Work to be completed: With the pictures left out, copy the listing below exactly.

Material supplied:
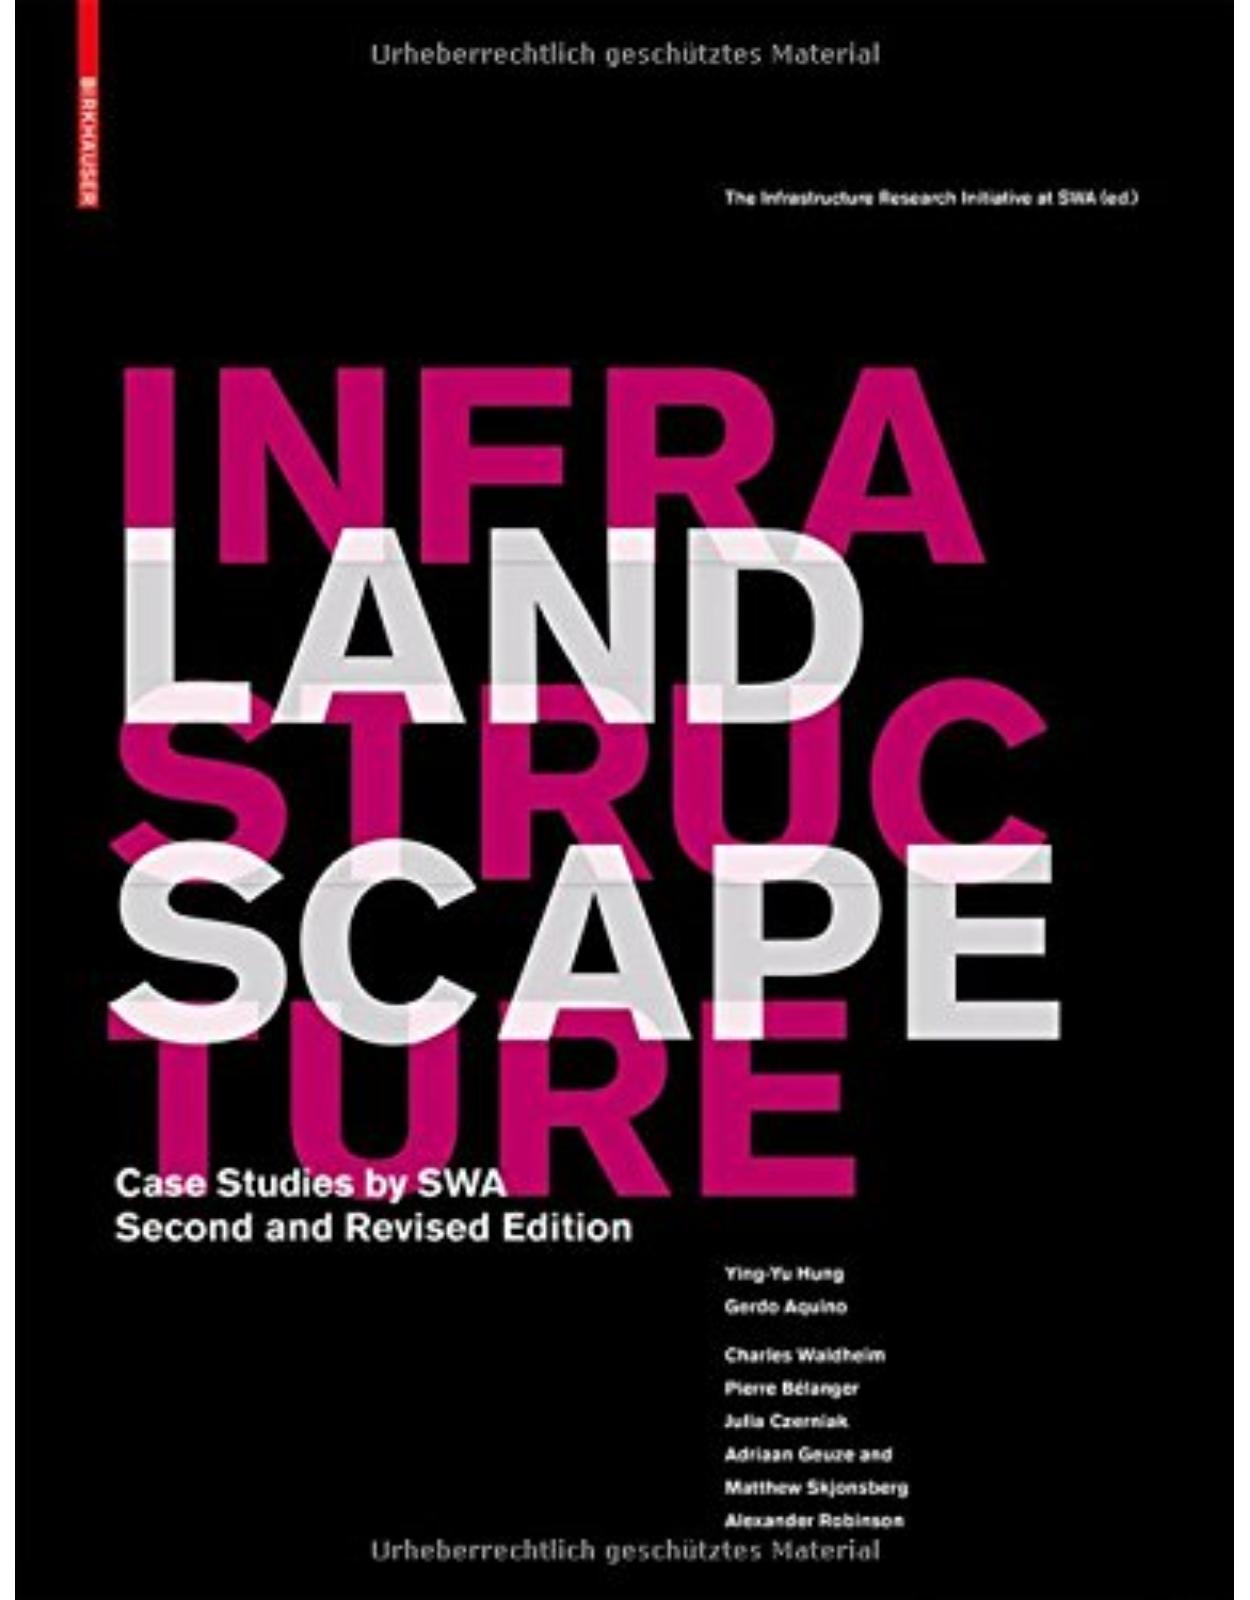 Landscape Infrastructure: Case Studies by SWA: Case Studies by SWA - second and revised edition
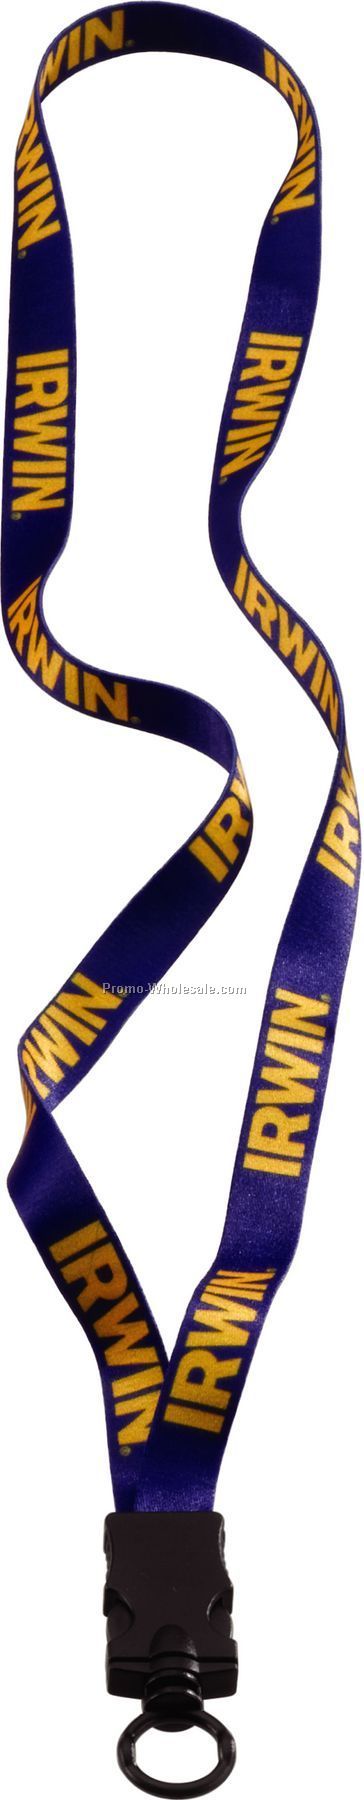 1/2" Recycled Dye Sublimated Lanyard With Snap Buckle Release & O-ring
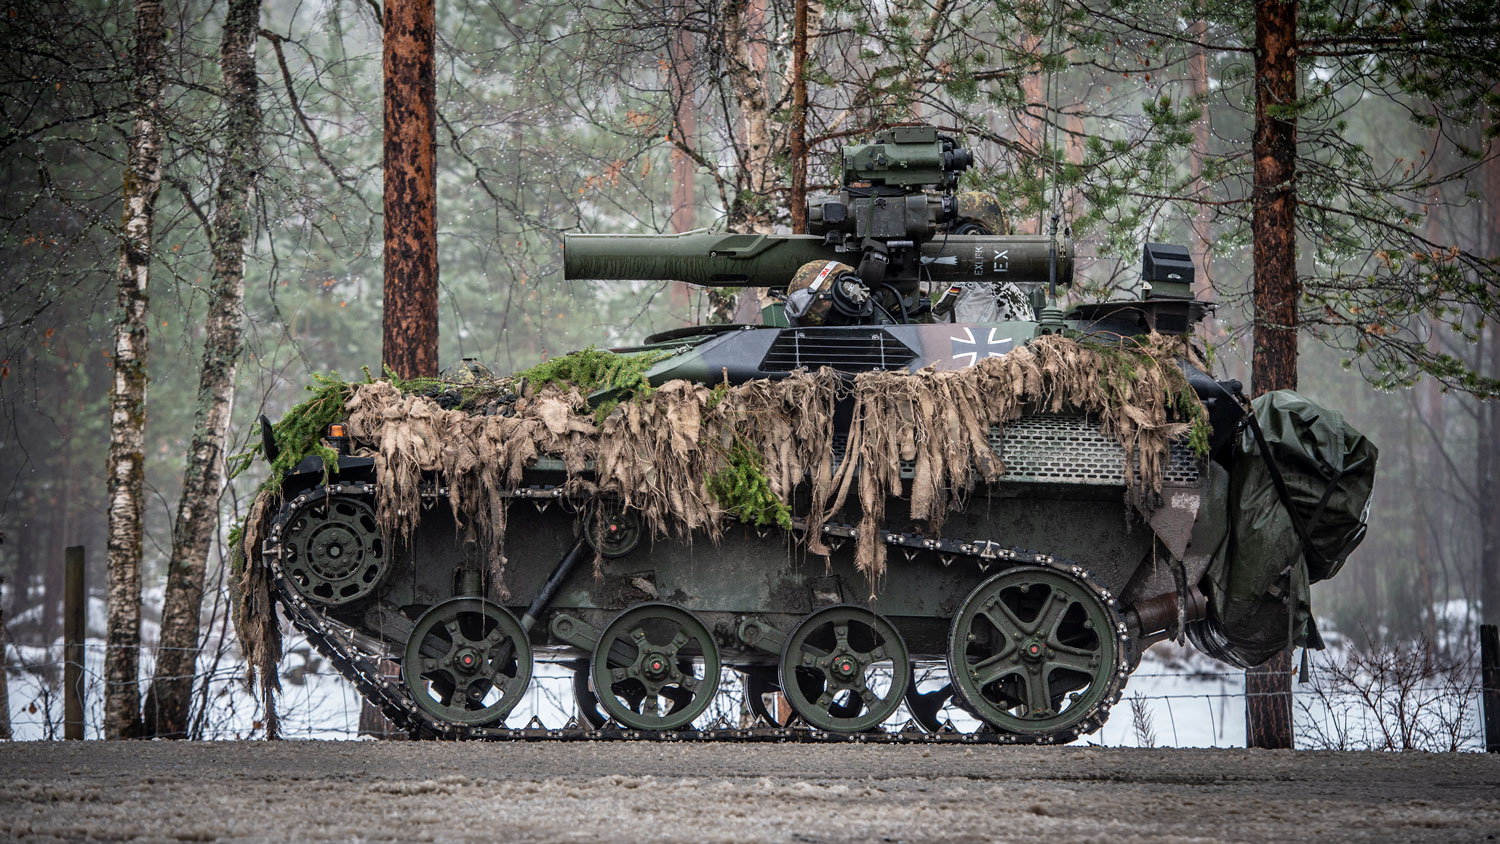 German-Wiesel-Armoured-Weapons-Carrier-AWC-fitted-with-a-BGM-71-TOW-anti-tank-missile-launcher-on-Exercise-TRIDENT-JUNCTURE-2018-Image-ID-45166226-CREDIT-Crown-Copyright.jpg
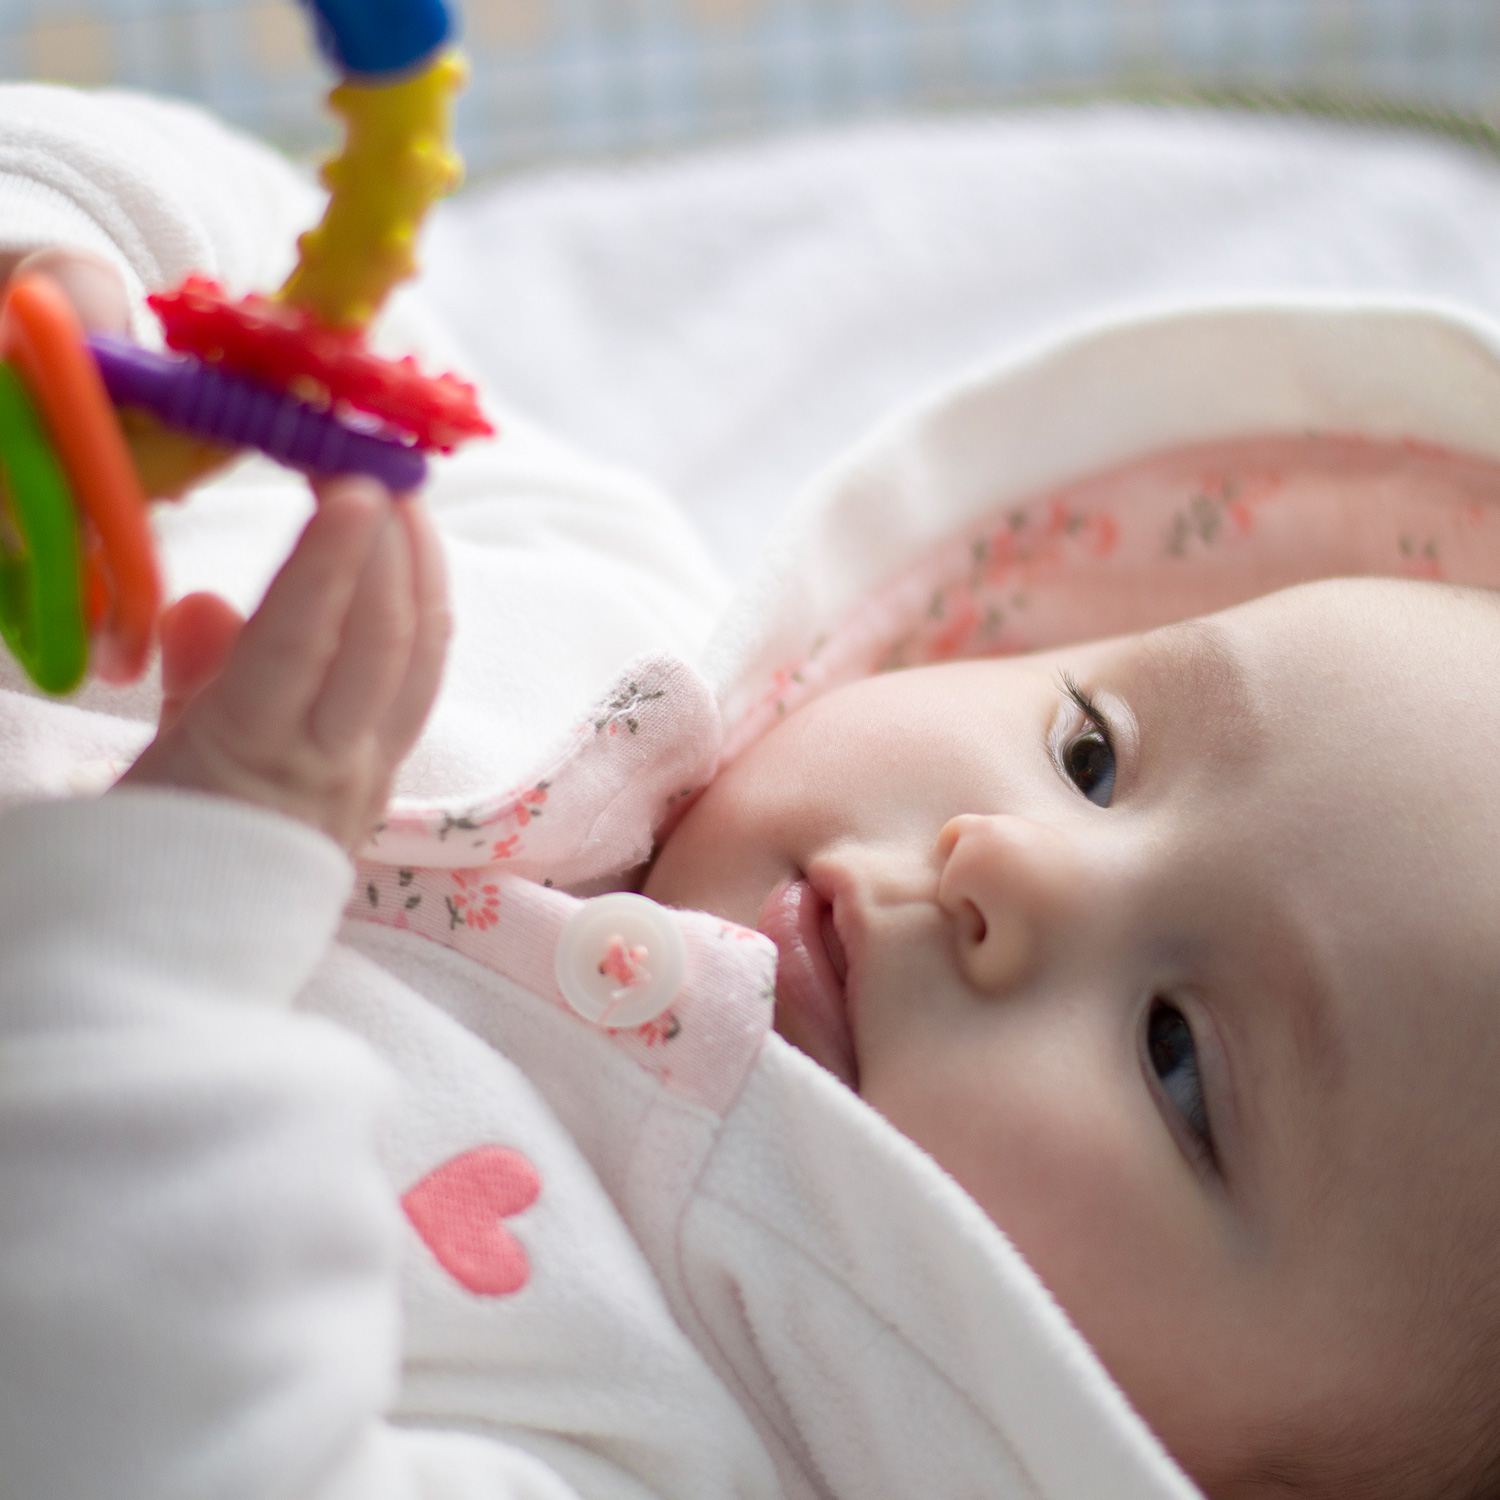 How to promote early language skills in infants.
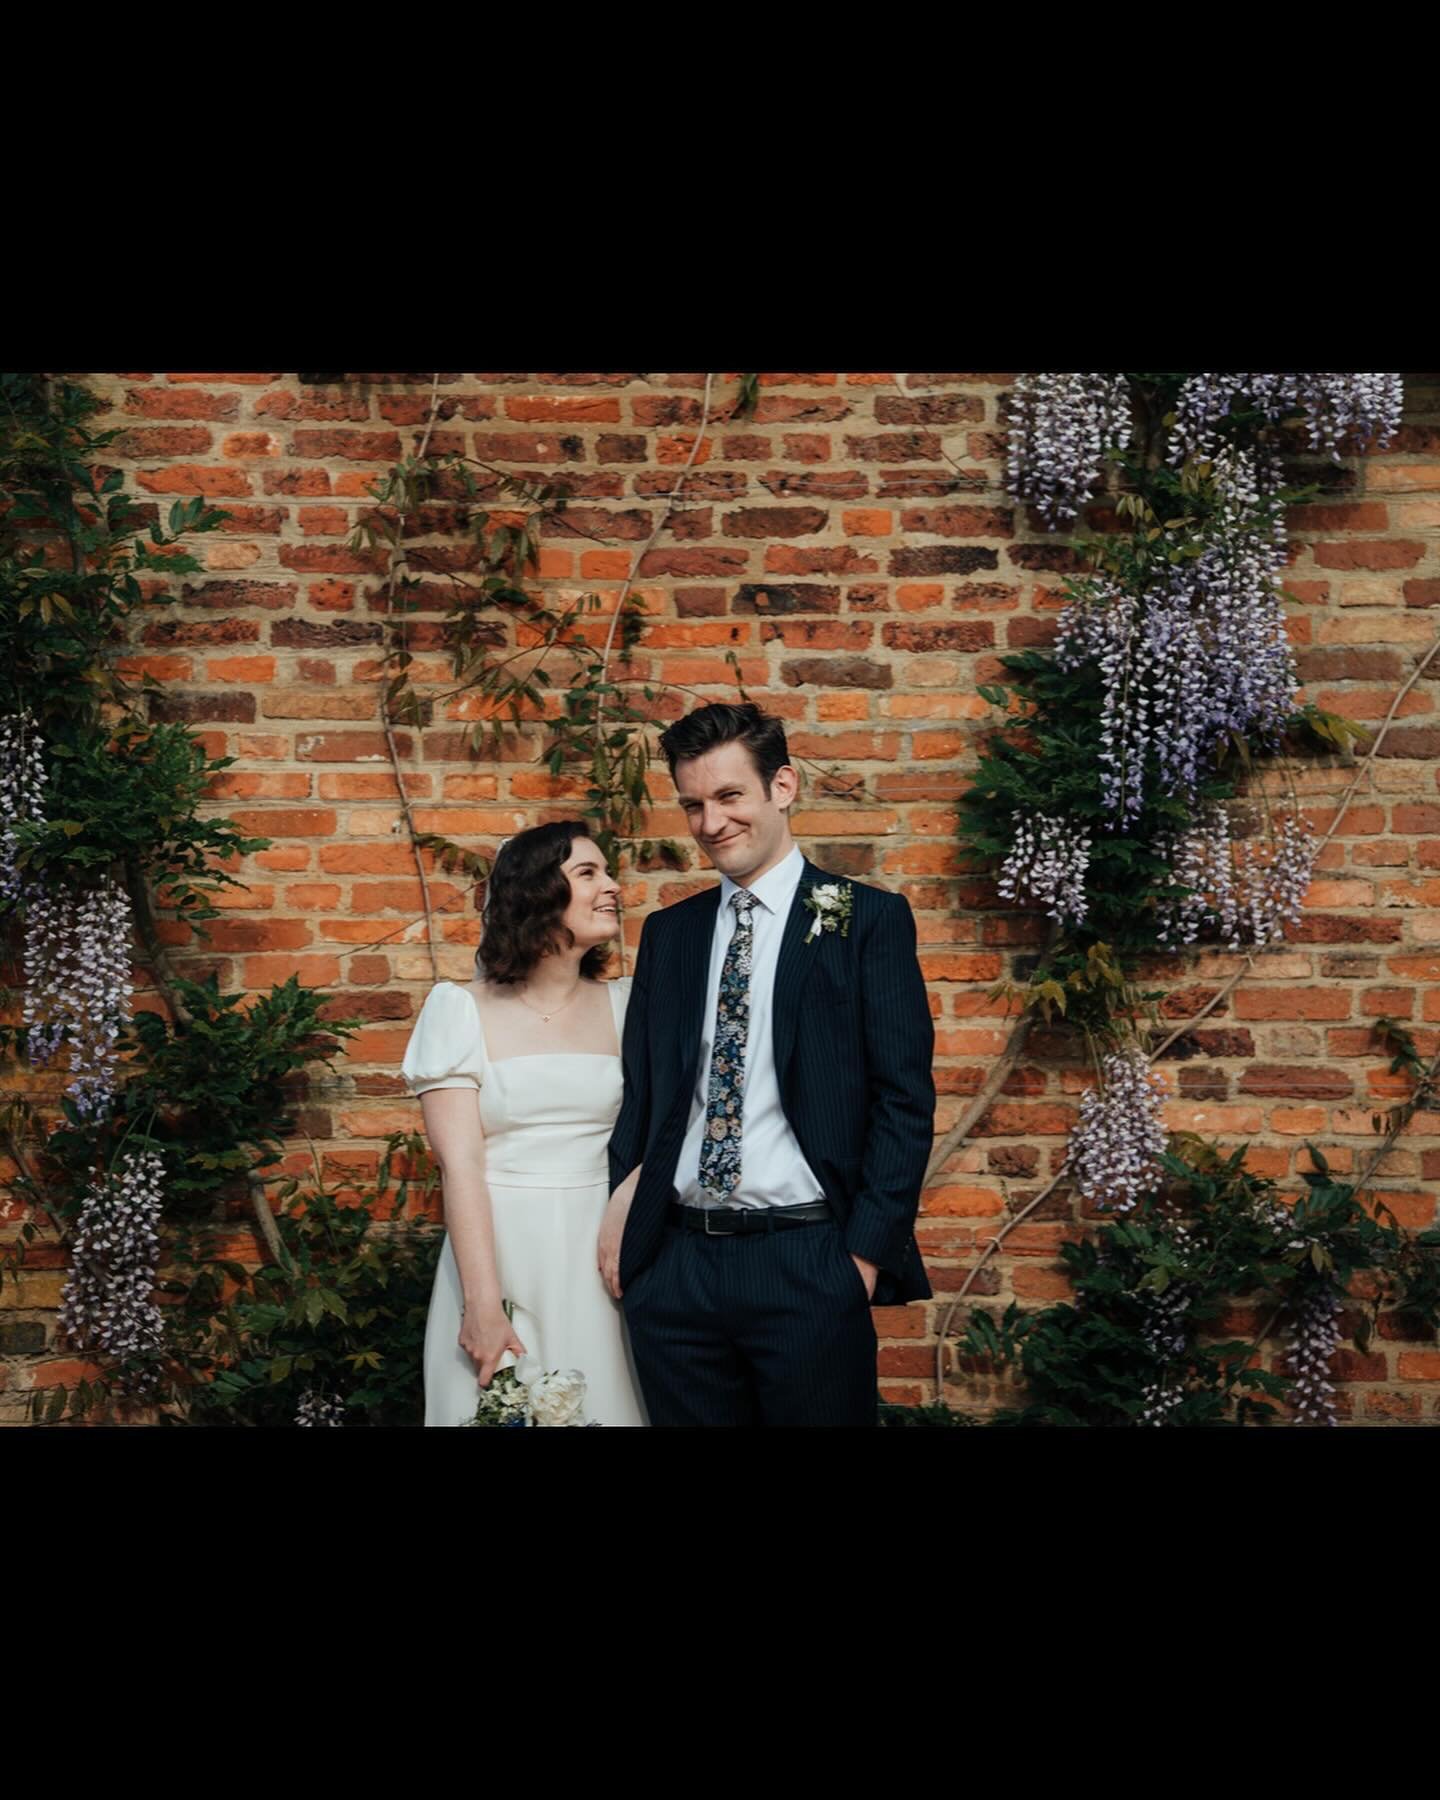 When I did my site visit at Hatfield House a month ago, the wisteria had just started to bloom and I was keeping all my fingers crossed that it would still be out on Alice and Etienne&rsquo;s wedding day. We were super lucky, not just with the flower

Your solution:
 Landscape Infrastructure: Case Studies by SWA: Case Studies by SWA - second and revised edition
 1/2" Recycled Dye Sublimated Lanyard With Snap Buckle Release & O-ring
 German-Wiesel-Armoured-Weapons-Carrier-AWC-fitted-with-a-BGM-71-TOW-anti-tank-missile-launcher-on-Exercise-TRIDENT-JUNCTURE-2018-Image-ID-45166226-CREDIT-Crown-Copyright.jpg
 How to promote early language skills in infants.
 When I did my site visit at Hatfield House a month ago, the wisteria had just started to bloom and I was keeping all my fingers crossed that it would still be out on Alice and Etienne&rsquo;s wedding day. We were super lucky, not just with the flower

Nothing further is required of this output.